Patch testing has been used successfully to demonstrate tetrazepam allergy. Oral testing can also be used. Skin prick tests are not always accurate and may produce false negatives.

Drowsiness is a common side effect of tetrazepam. A reduction in muscle force can occur. Myasthenia gravis, a condition characterised by severe muscle weakness is another potential adverse effect from tetrazepam. Cardiovascular and respiratory adverse effects can occur with tetrazepam similar to other benzodiazepines.

===Tolerance, dependence and withdrawal===

Prolonged use, as with all benzodiazepines, should be avoided, as tolerance occurs and there is a risk of benzodiazepine dependence and a benzodiazepine withdrawal syndrome after stopping or reducing dosage.

==Overdose==

Tetrazepam, like other benzodiazepines is a drug which is very frequently present in cases of overdose. These overdoses are often mixed overdoses, i.e. a mixture of other benzodiazepines or other drug classes with tetrazepam.
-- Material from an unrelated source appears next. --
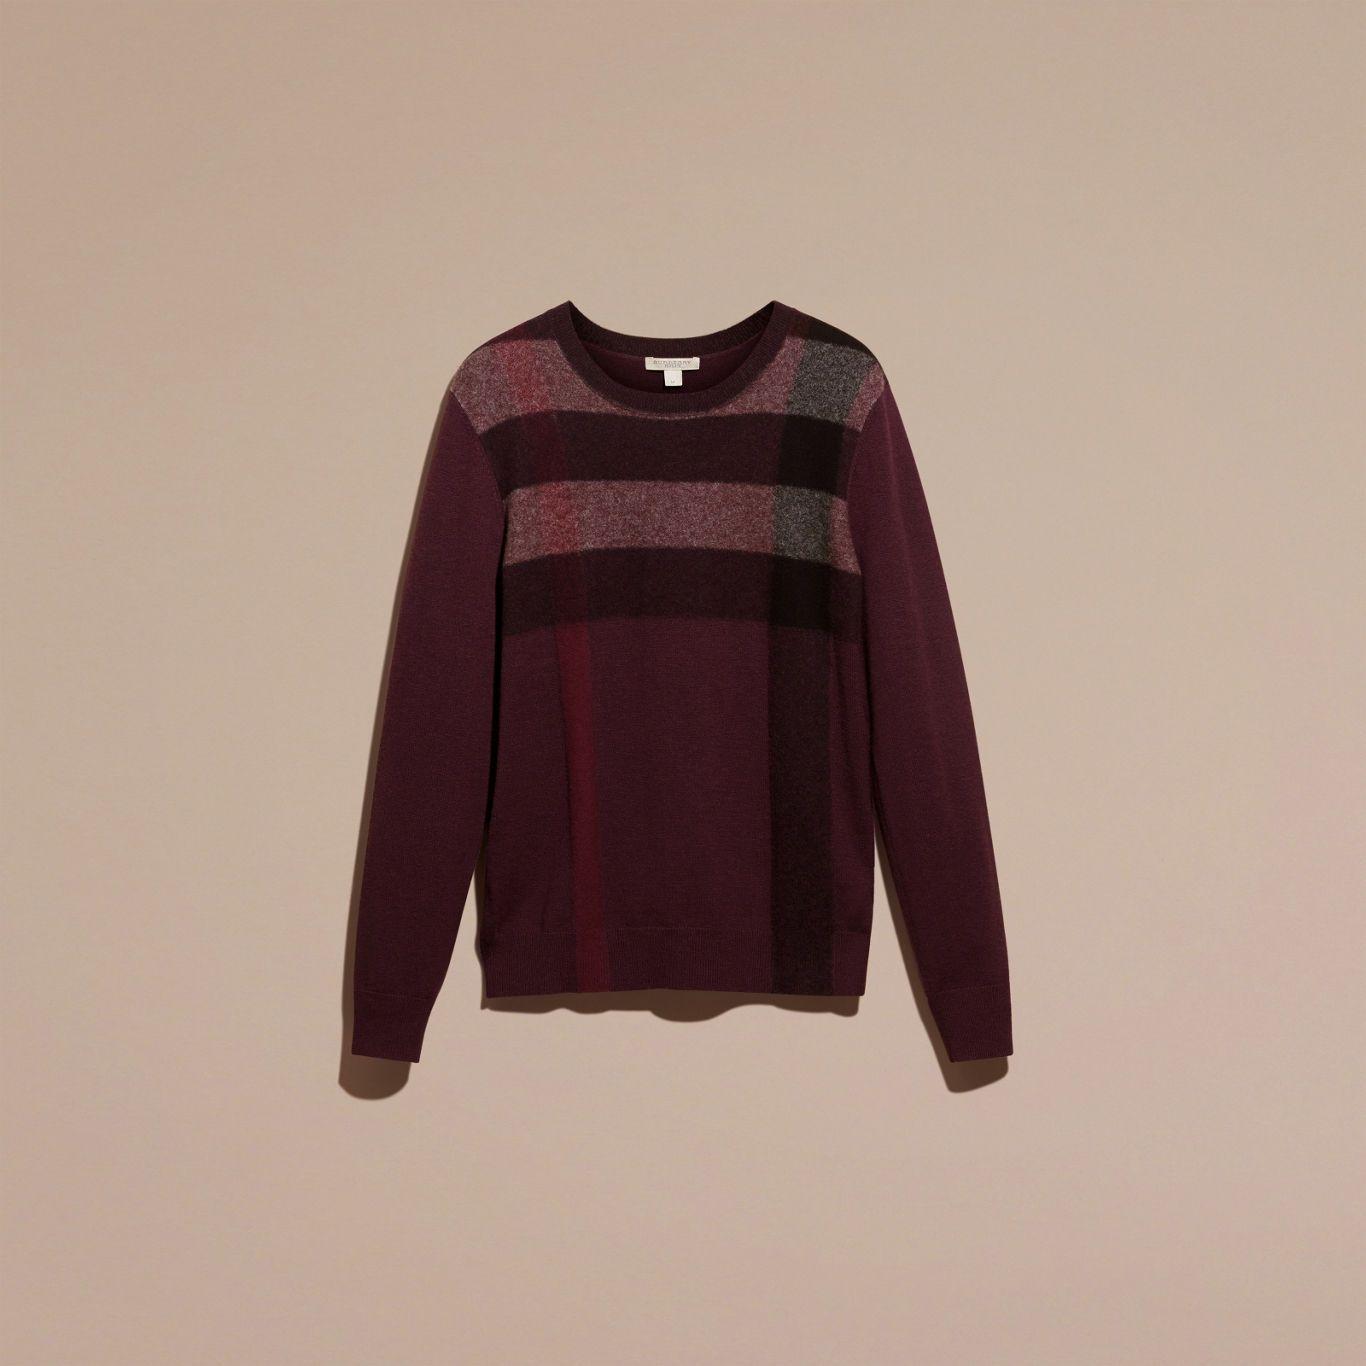 Ein Pullover aus einer thermoregulierend Mischung aus Kaschmir und Baumwolle mit einem markanten Check-Design auf der Vorderseite. Der schmal geschnittene Pullover kann besonders gut alleine getragen oder auch mit einem Hemd mit Button-down-Kragen kombiniert werden.

==Contraindications and special caution==
Benzodiazepines require special precaution if used in the elderly, during pregnancy, in children, alcohol or drug-dependent individuals and individuals with comorbid psychiatric disorders.

==Pharmacology==
Tetrazepam is an unusual benzodiazepine in its molecular structure as it has cyclohexenyl group which has substituted the typical 5-phenyl moiety seen in other benzodiazepines.
Tetrazepam, is rapidly absorbed after oral administration, within 45 mins and reaches peak plasma levels in less than 2 hours. It is classed as an intermediate acting benzodiazepine with an elimination half-life of approximately 15 hours. It is primarily metabolised to the inactive metabolites 3-hydroxy-tetrazepam and nortetrazepam. The pharmacological effects of tetrazepam are significantly less potent when compared against diazepam, in animal studies. Tetrazepam is a benzodiazepine site agonist and binds unselectively to type 1 and type 2 benzodiazepine site types as well as to peripheral benzodiazepine receptors. The muscle relaxant properties of tetrazepam are most likely due to a reduction of calcium influx. Small amounts of diazepam as well as the active metabolites of diazepam are produced from metabolism of tetrazepam. The metabolism of tetrazepam has led to false accusations of prisoners prescribed tetrazepam of taking illicit diazepam; this can lead to increased prison sentences for prisoners.

==Abuse==

Tetrazepam as with other benzodiazepines is sometimes abused. It is sometimes abused to incapacitate a victim in order to carry out a drug-facilitated crime. or abused in order to achieve a state of intoxication.
Tetrazepam's abuse for to carry out drug facilitated crimes may be less however, than other benzodiazepines due to its reduced hypnotic properties.